**ENTRIES PROVIDED**
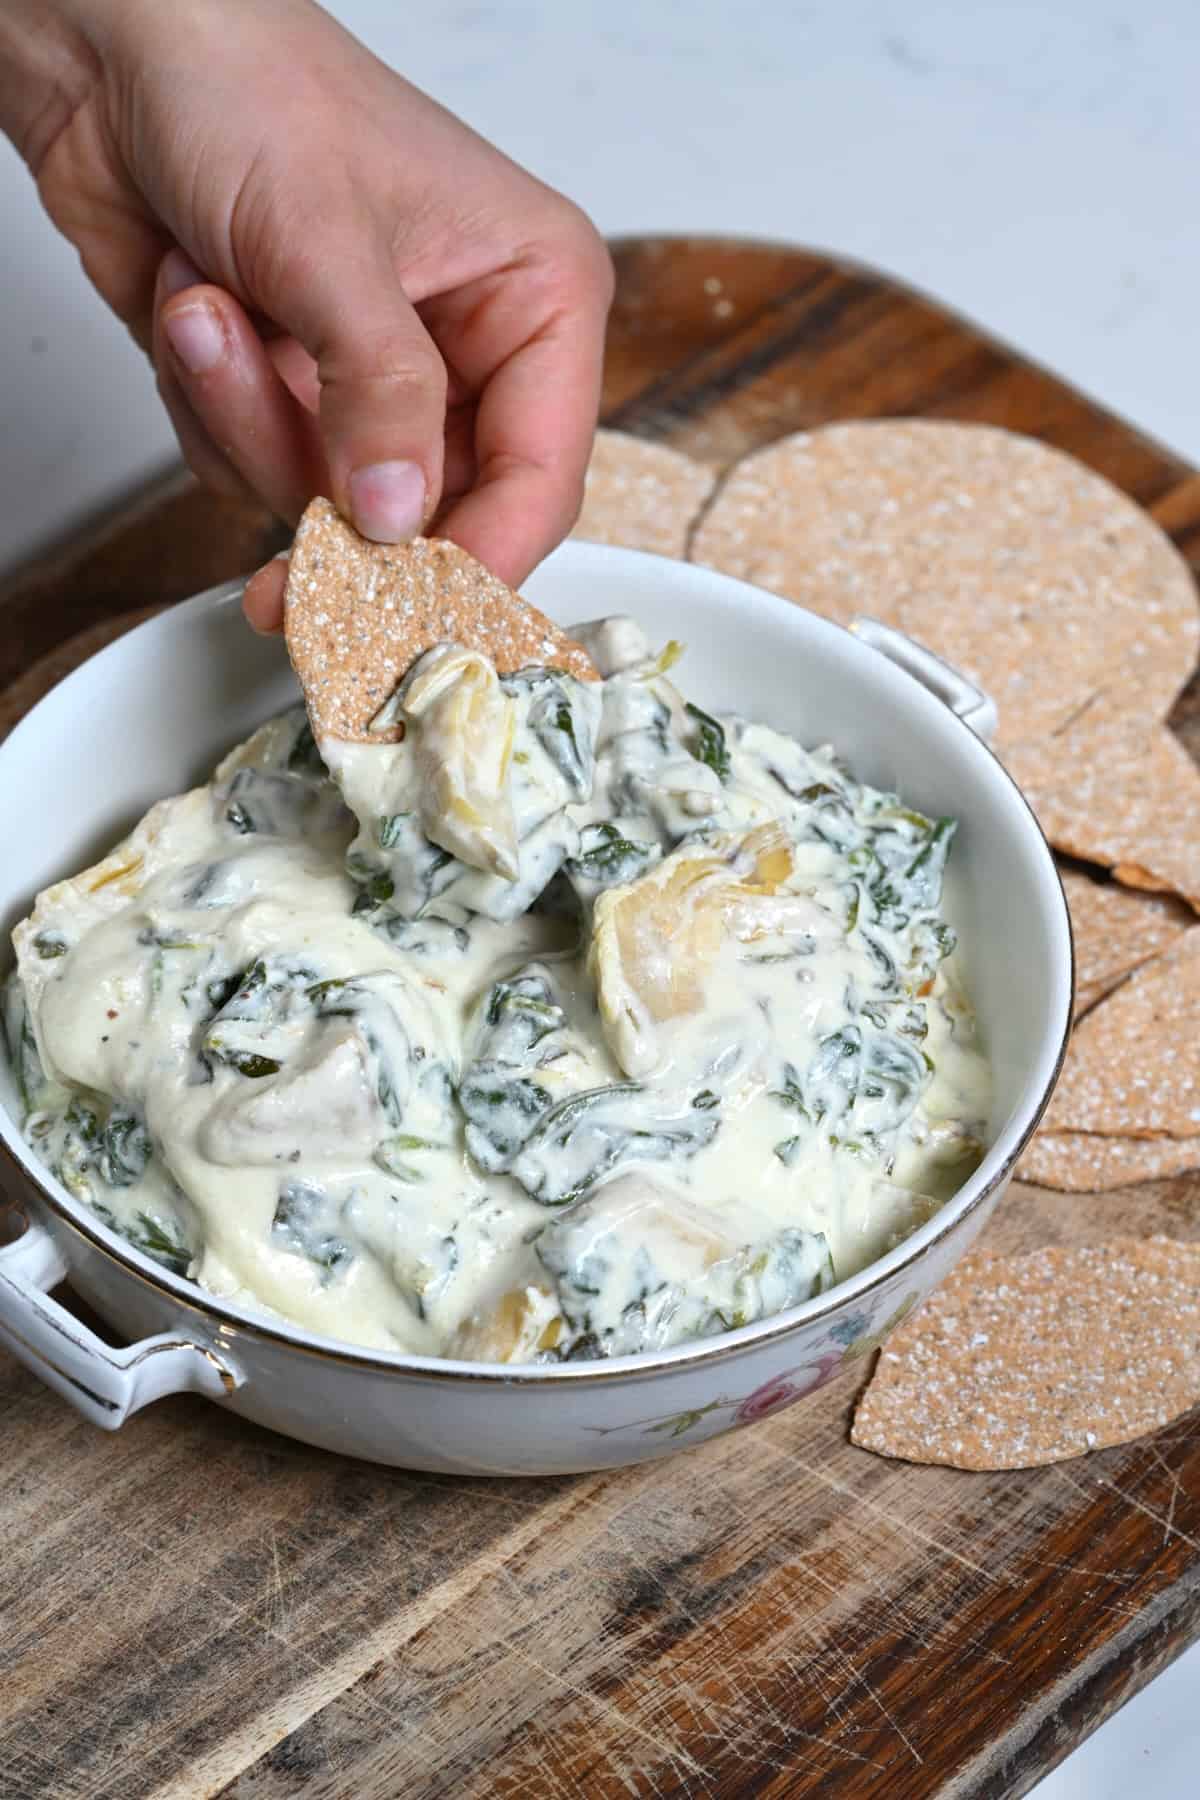 Dipping a chip into artichoke and spinach mix
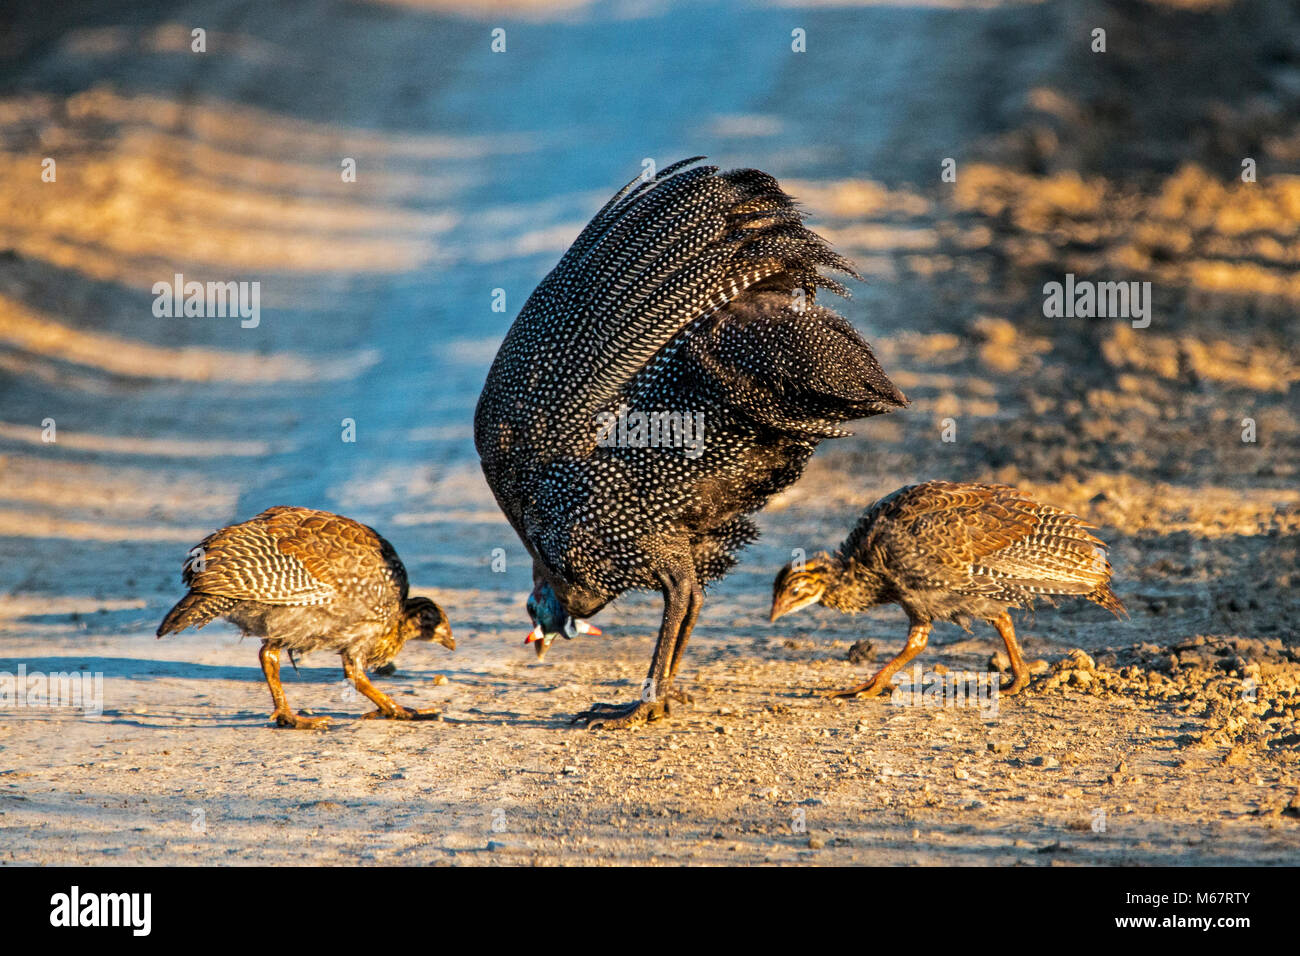 Female Guinea fowl and two chicks feeding on dirt road in rural South Africa Stock Photo
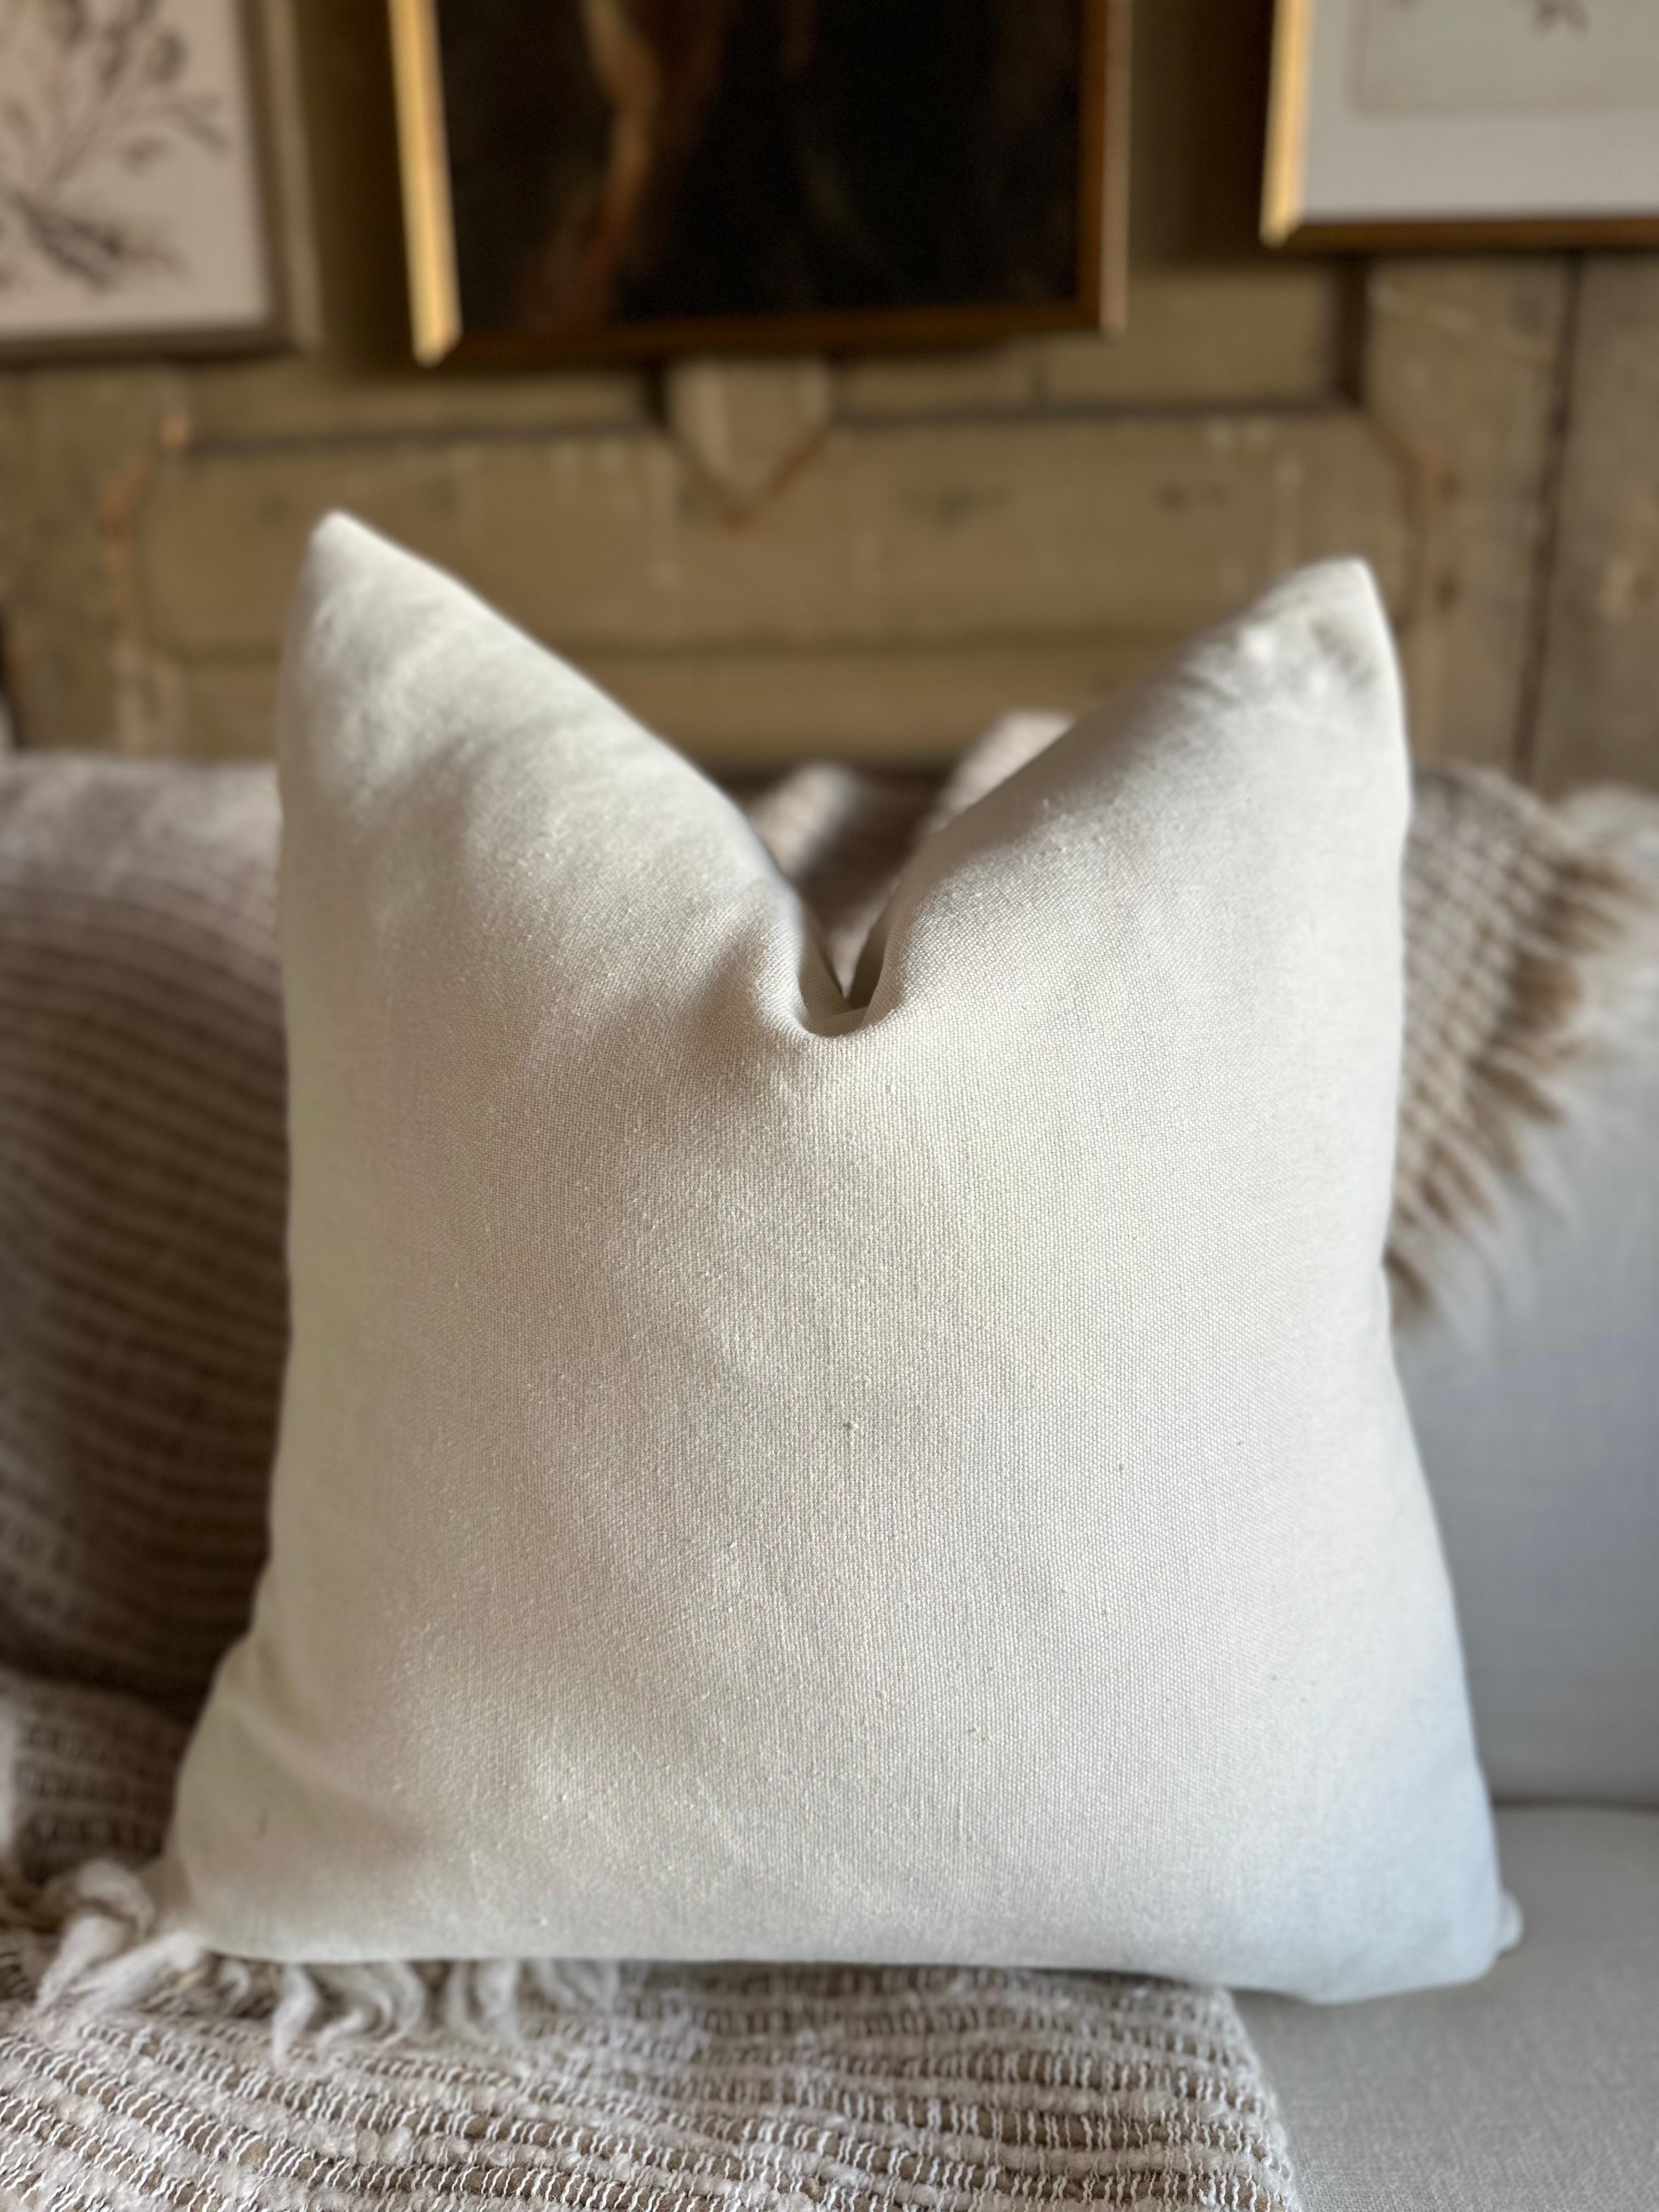 A luxurious heavy woven linen face with stone washed linen back.
Linen fabric is imported from France.
Custom made to order, can be customized to your size.
Color: Blanc / Oyster
Antique brass zipper
Size 22x22
Includes Down Feather Insert
Care: Can

**WHAT TO WORK ON**
Your answer must hold the line containing "Color: Blanc / Oyster" and all lines after it in the entries above, exactly, and nothing else.

**TASK RESULT**
Color: Blanc / Oyster
Antique brass zipper
Size 22x22
Includes Down Feather Insert
Care: Can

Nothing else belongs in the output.